What caused Howard Marks’ change of heart on Bitcoin and his take on markets

There’s no obvious reason why government-issued fiat currencies are superior to digital currencies. Bloomberg & Oaktree Capital

Billionaire investor Howard Marks, who ignited a fierce backlash from cryptocurrency advocates after dubbing bitcoin a “fad” in July, has a had change of heart. Well, sort of.

Bitcoin, in fact, boasts a key attribute that may spur the digital method of exchange to serve as an alternative to legal tenders and as a store of value in the years to come: the simple fact that people believe in it.

“What bitcoin partisans have told me subsequently is that bitcoin should be thought of as a currency -a medium of exchange -not an investment asset,” the Oaktree Capital Group co-chairman wrote in a client memo Thursday.

There’s no obvious reason why government-issued fiat currencies are superior to digital currencies, he adds. “So my initial bottom line is that I see no reason why bitcoin can’t be a currency” given the fact “there are people (and businesses and even countries) that accept it as a legal tender.”


I BELIEVE the market is “not a nonsensical bubble ­just high and therefore risky.”

I WOULDN’T use the word “bubble” to describe today’s general investment environment.

IT HAPPENS that our last two experiences were bubble-crash (1998-2002) and (2005-09).

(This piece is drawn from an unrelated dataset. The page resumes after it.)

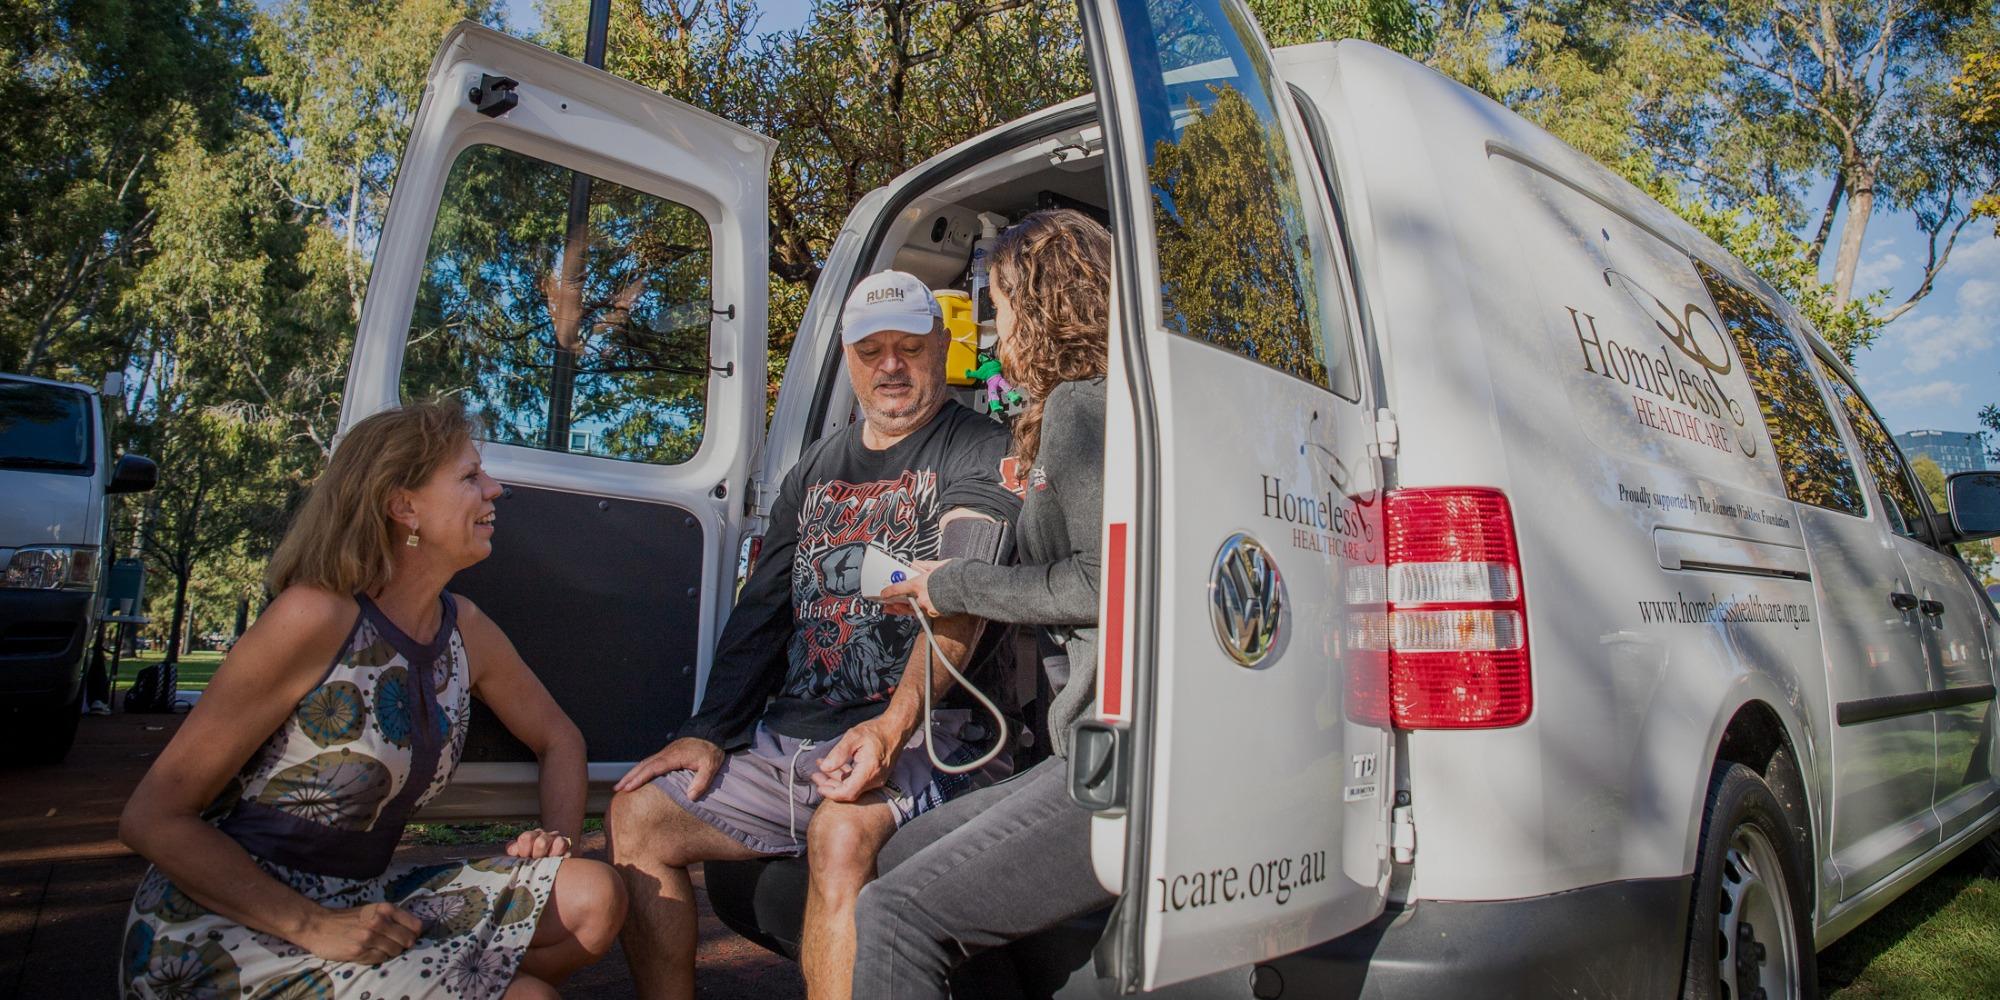 Professor Lisa Wood with the Homelessness van
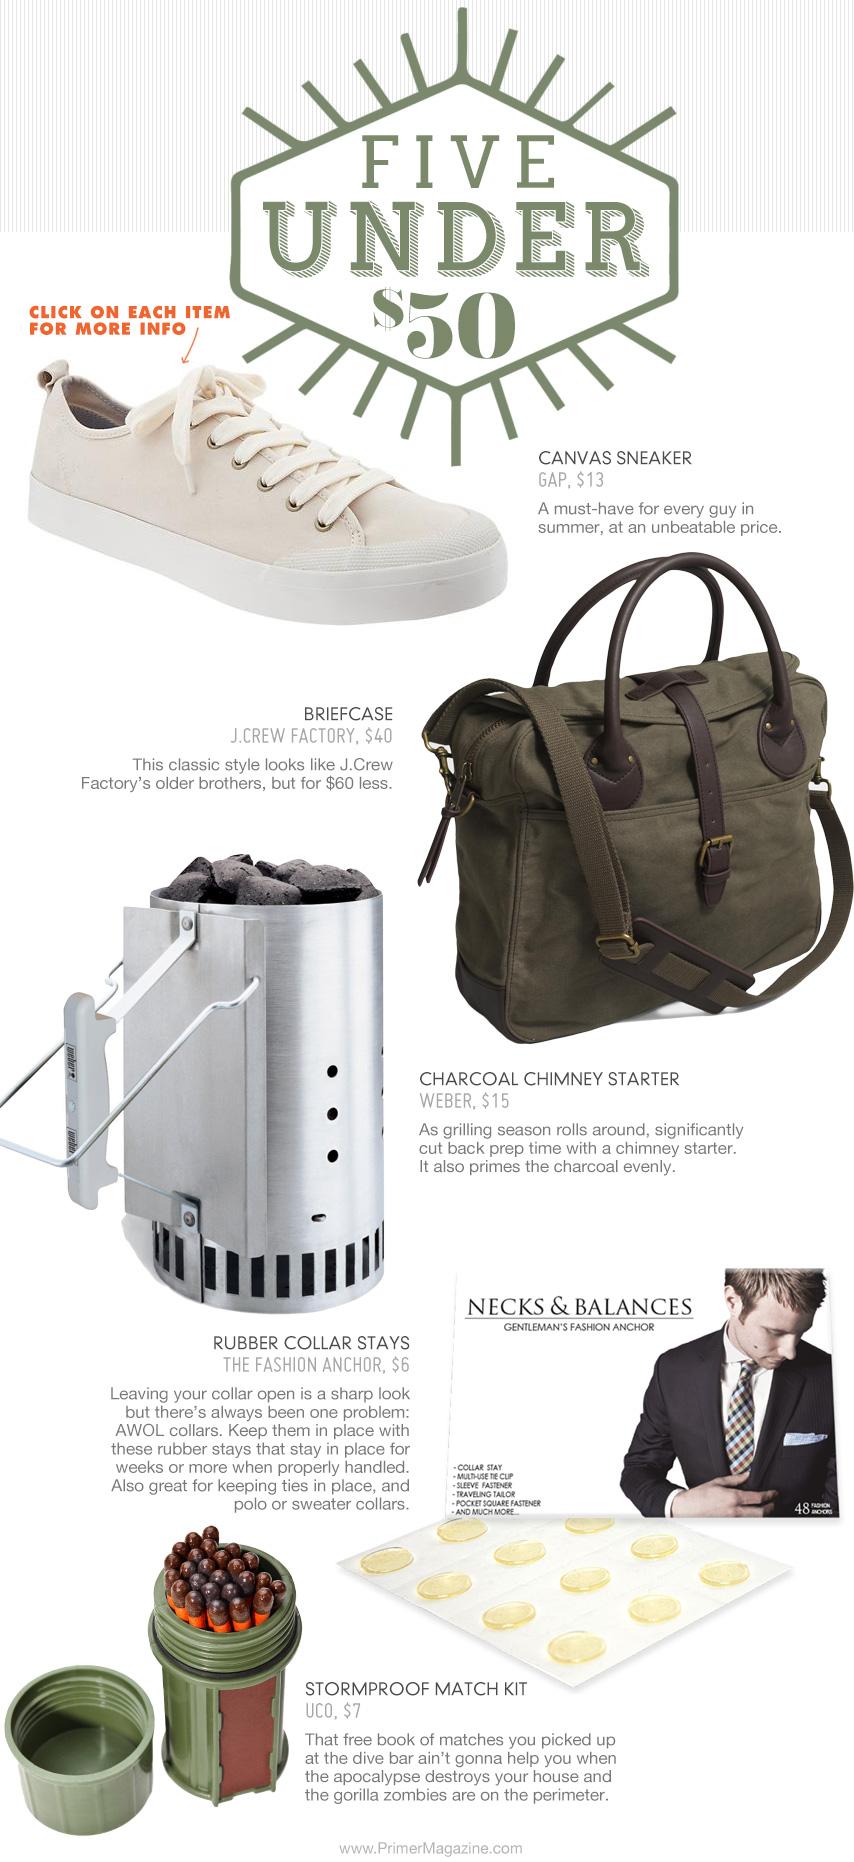 5 under 50 - sneakers, briefcase, chimney starter, necks and balances, matches

But that doesn’t mean every advance will become a bubble, or that by definition it will be followed by a crash.

Current psychology cannot be described as “euphoric”or “over-the-moon.” Most people seem to be aware of the uncertainties that are present and of the fact that the good times won’t roll on forever.

Since there hasn’t been an economic boom in this recovery, there doesn’t have to be a major bust.

Leverage at the banks is a fraction of the levels reached in 2007, and it was those levels that gave rise to the meltdowns we witnessed.

Importantly, sub-prime mortgages and sub-prime based mortgage backed securities were the key ingredient whose failure directly caused the Global Financial Crisis, and I see no analog to them today, either in magnitude or degree of dubiousness.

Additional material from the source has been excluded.